(Your objective):
Skipping all images, output the listing word for word.

(Collected material):
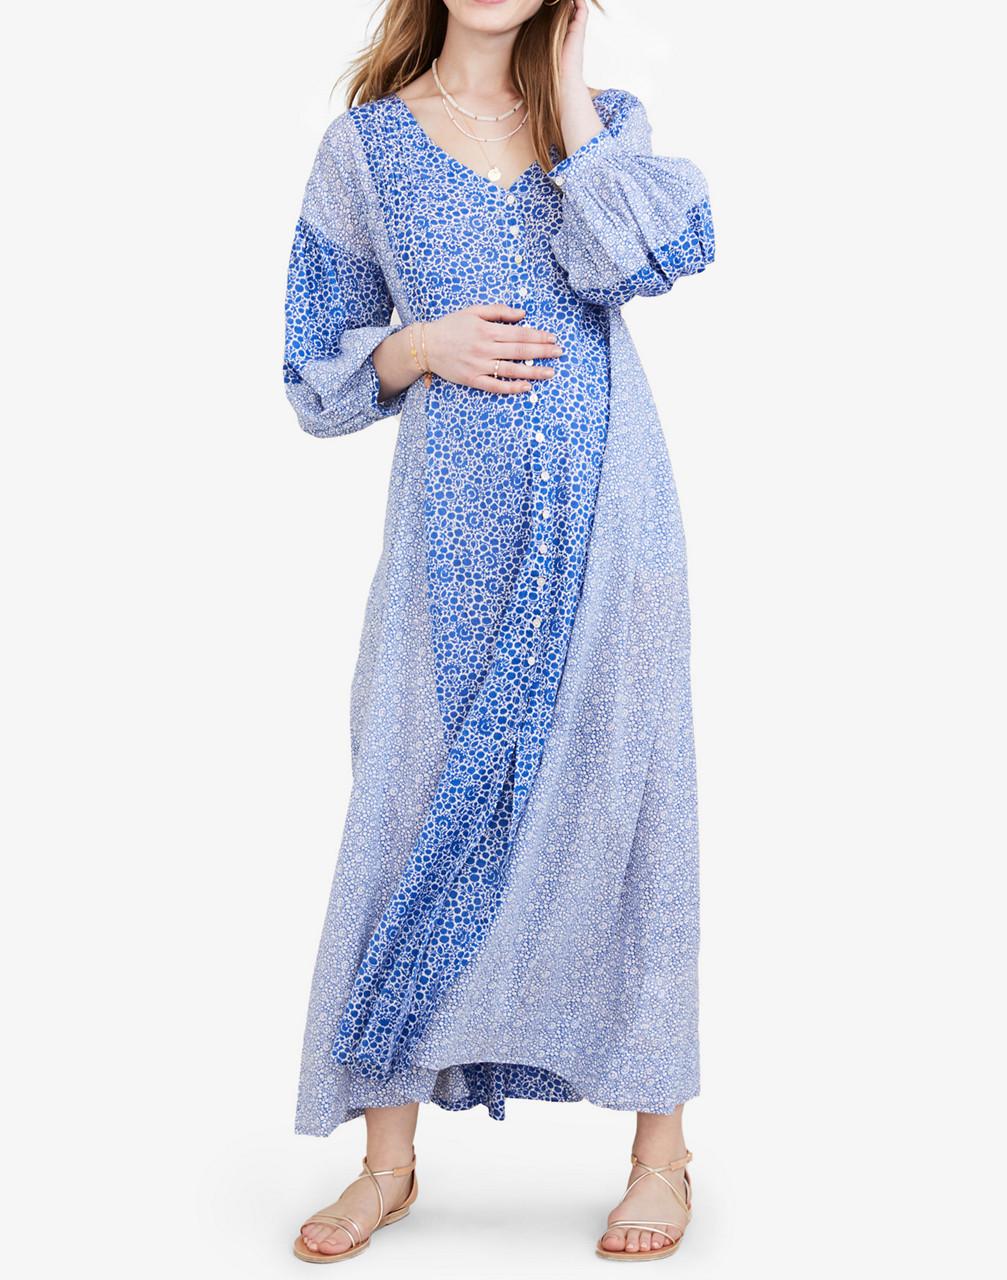 Vintage Maternity Dresses and Clothes HATCH Collectionreg Maternity Nessa Maxi Dress $258.00 AT vintagedancer.com
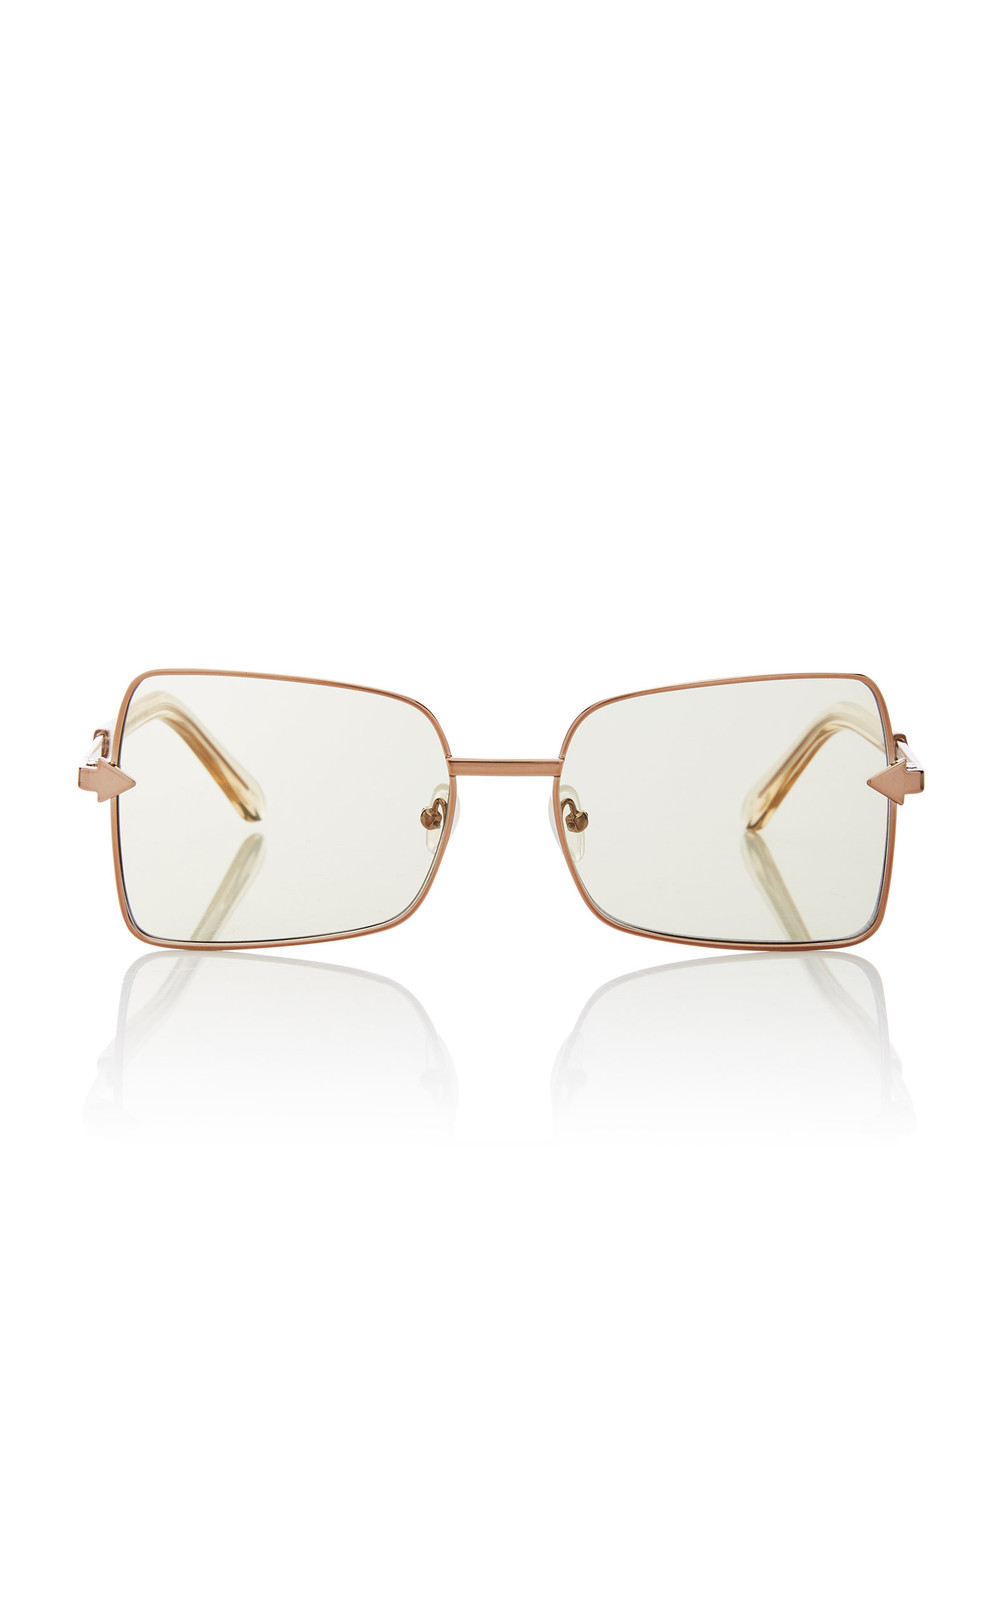 Karen Walker Wisdom Square-Frame Gold-Tone Sunglasses in green
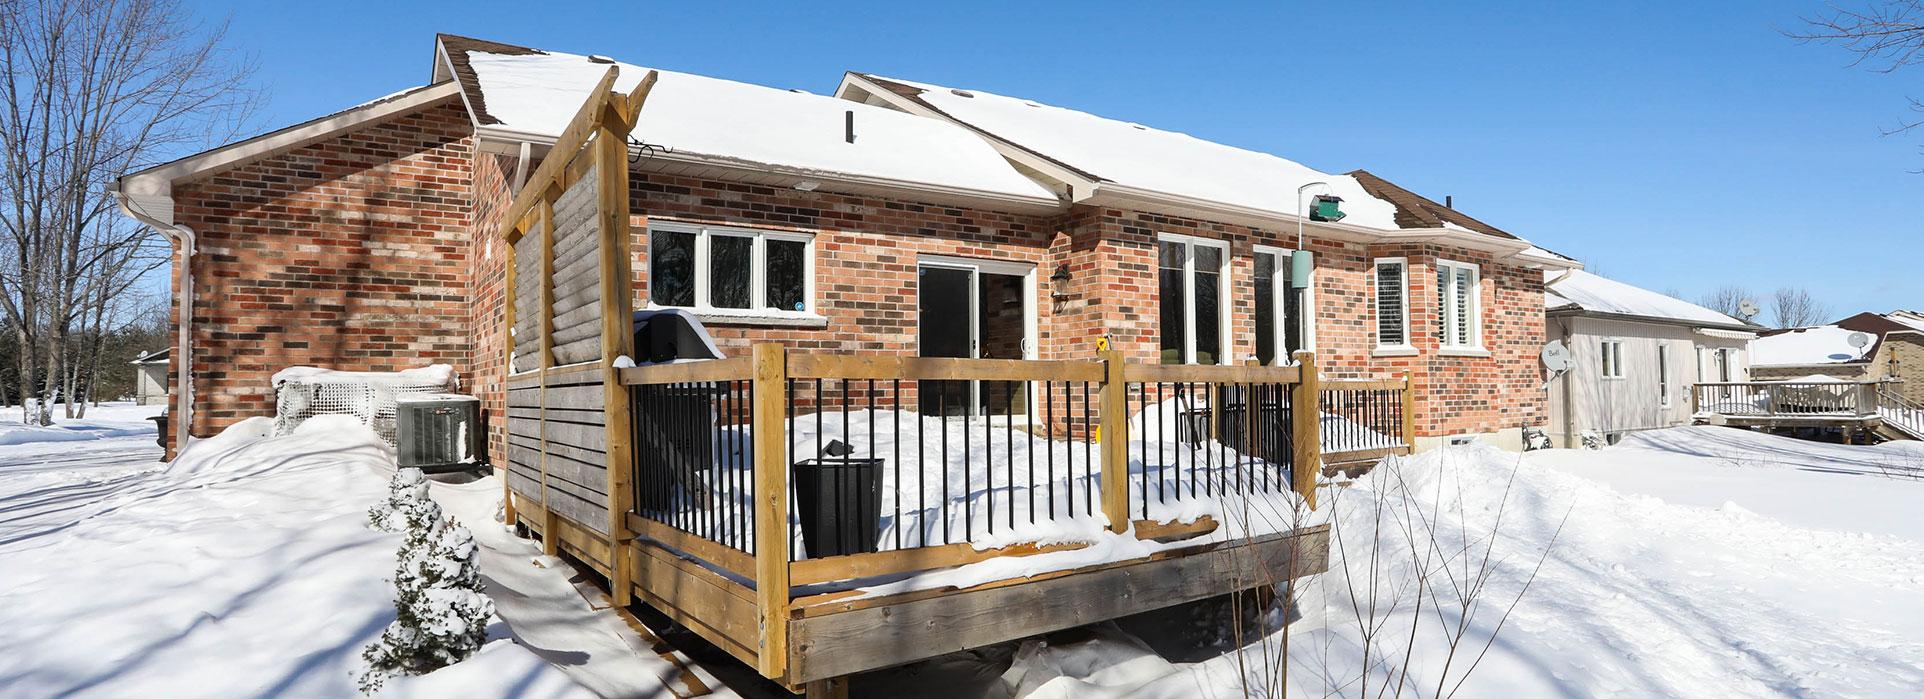 29 Merrington Avenue - Porch - Cripps Realty

(Response to this task):
 Vintage Maternity Dresses and Clothes HATCH Collectionreg Maternity Nessa Maxi Dress $258.00 AT vintagedancer.com
 Karen Walker Wisdom Square-Frame Gold-Tone Sunglasses in green
 29 Merrington Avenue - Porch - Cripps Realty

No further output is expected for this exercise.